For reluctant career changers, don’t worry if you find yourself needing to take on a role which isn’t necessarily your first choice. Some sectors have been so badly hit that it may make sense to look at alternatives at least in the short-term. Employers can be wary of career changers especially if their new chosen career seems very different, but in these unusual circumstances, most of them appreciate that individuals need to be pragmatic to pay their bills. However, they will still need to be reassured that you genuinely want and can do this job and will only offer it to you if they think you’ll stay long enough to be a good investment for them.
The career positives of a crisis
For many of us, the pandemic has brought some of the most difficult professional challenges of our career – let alone the personal ones. Recruiters are always asking questions about how you work under pressure and now, courtesy of a global pandemic, you have a whole host of highly relatable stories to draw upon. This might include handling an emergency reorganisation of the way you and your teamwork, supporting colleagues and customers under stress, or learning a whole new set of skills as we switched to remote technology. Perhaps while you were on furlough you undertook some training volunteered at a vaccination centre or supported an elderly neighbour. All of this will be of interest to potential employers who value resourcefulness and resilience as well as community and team spirit. The pandemic has provided you with many mettle-testing career achievements carried out in extraordinary circumstances and you shouldn’t under-estimate how powerful and resonant these stories will be whenever you need to talk about your career.
And the good news….
The June 2021 Report on Jobs by the Recruitment Employers Confederation showed that since the lockdown ended in May, permanent job recruitment has been growing at the quickest rates in the history of their surveys. At the same time, candidate availability fell with distinct staff shortages in many areas.
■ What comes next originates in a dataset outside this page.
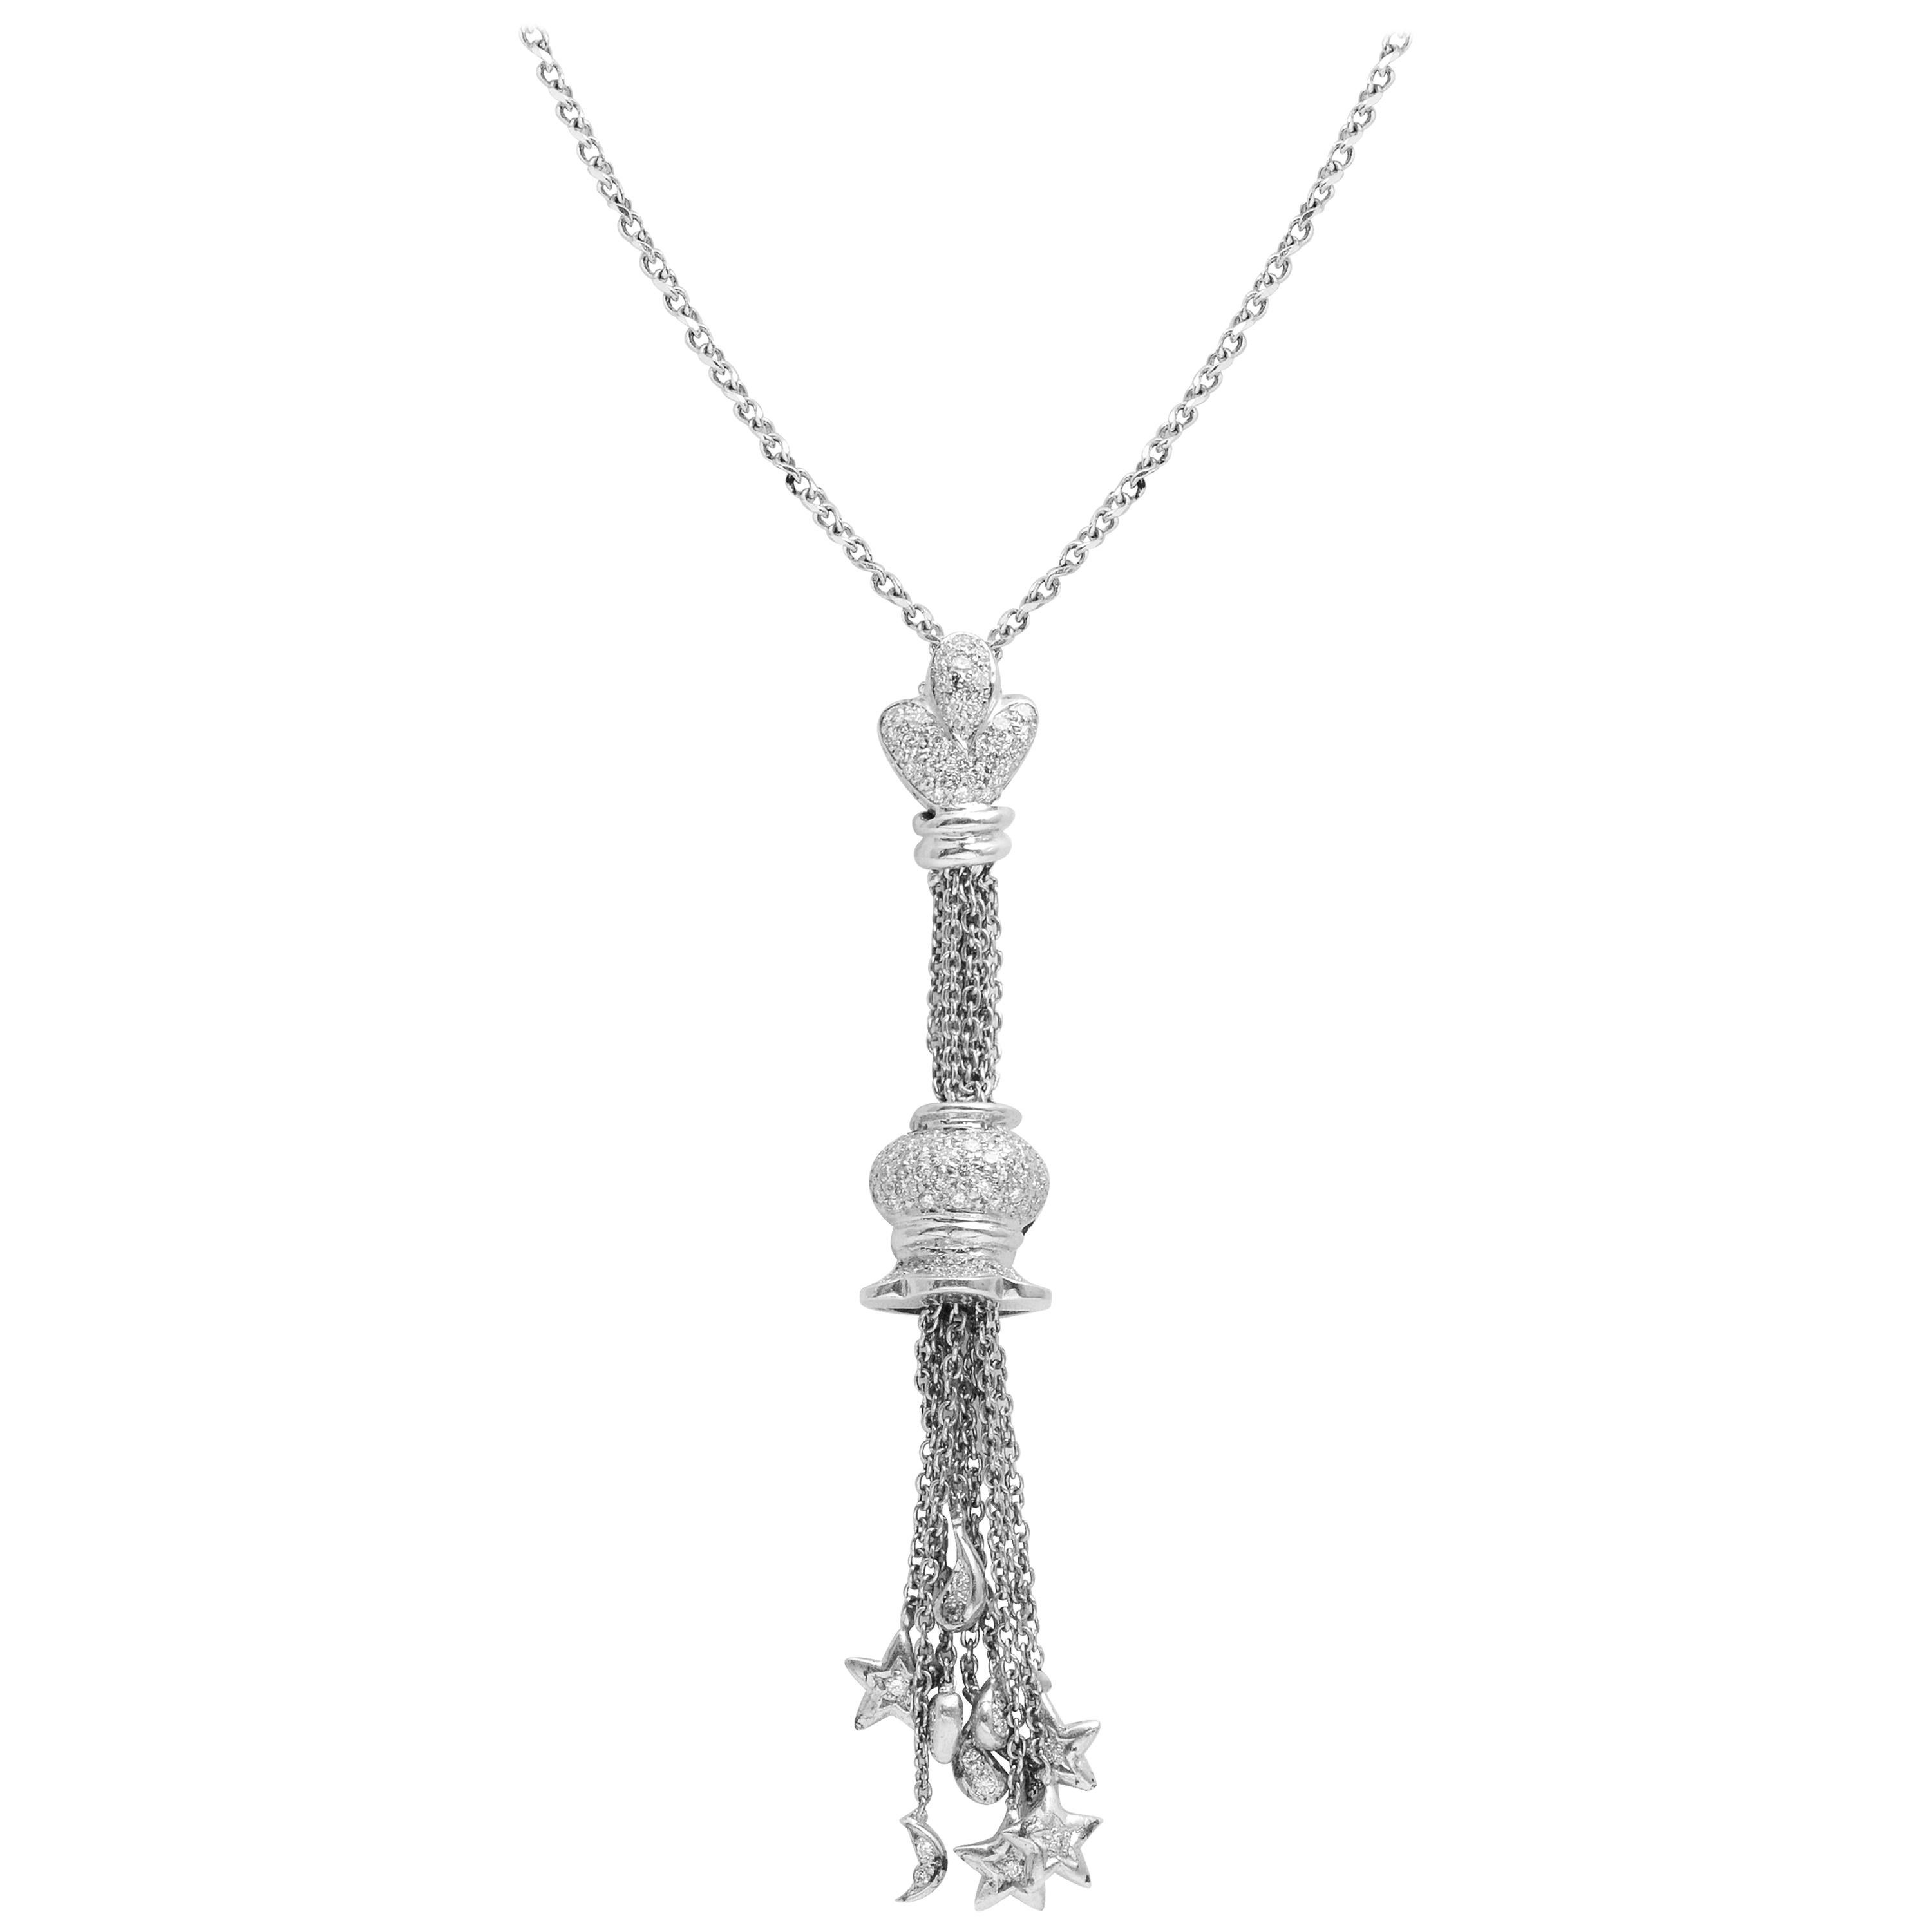 18 Karat White Gold Diamond Pendant with Chain For Sale

After 18 months of mass job cuts, it’s become a great time to be looking for a new role, with companies starting to re-hire again. Meanwhile employers are seeing growing numbers of staff resignations and are starting to realise that they need to offer more internal career development, to help them hold onto people for longer and reduce their recruitment and training costs.
So, from a difficult 18 months, career-wise things are starting to look more positive again. It’s a very good time to have a career conversation with your manager about your career goals and the development opportunities that are available to you within the company. At the same time, get your CV up-dated and make sure you are interview ready, because new opportunities are starting to appear.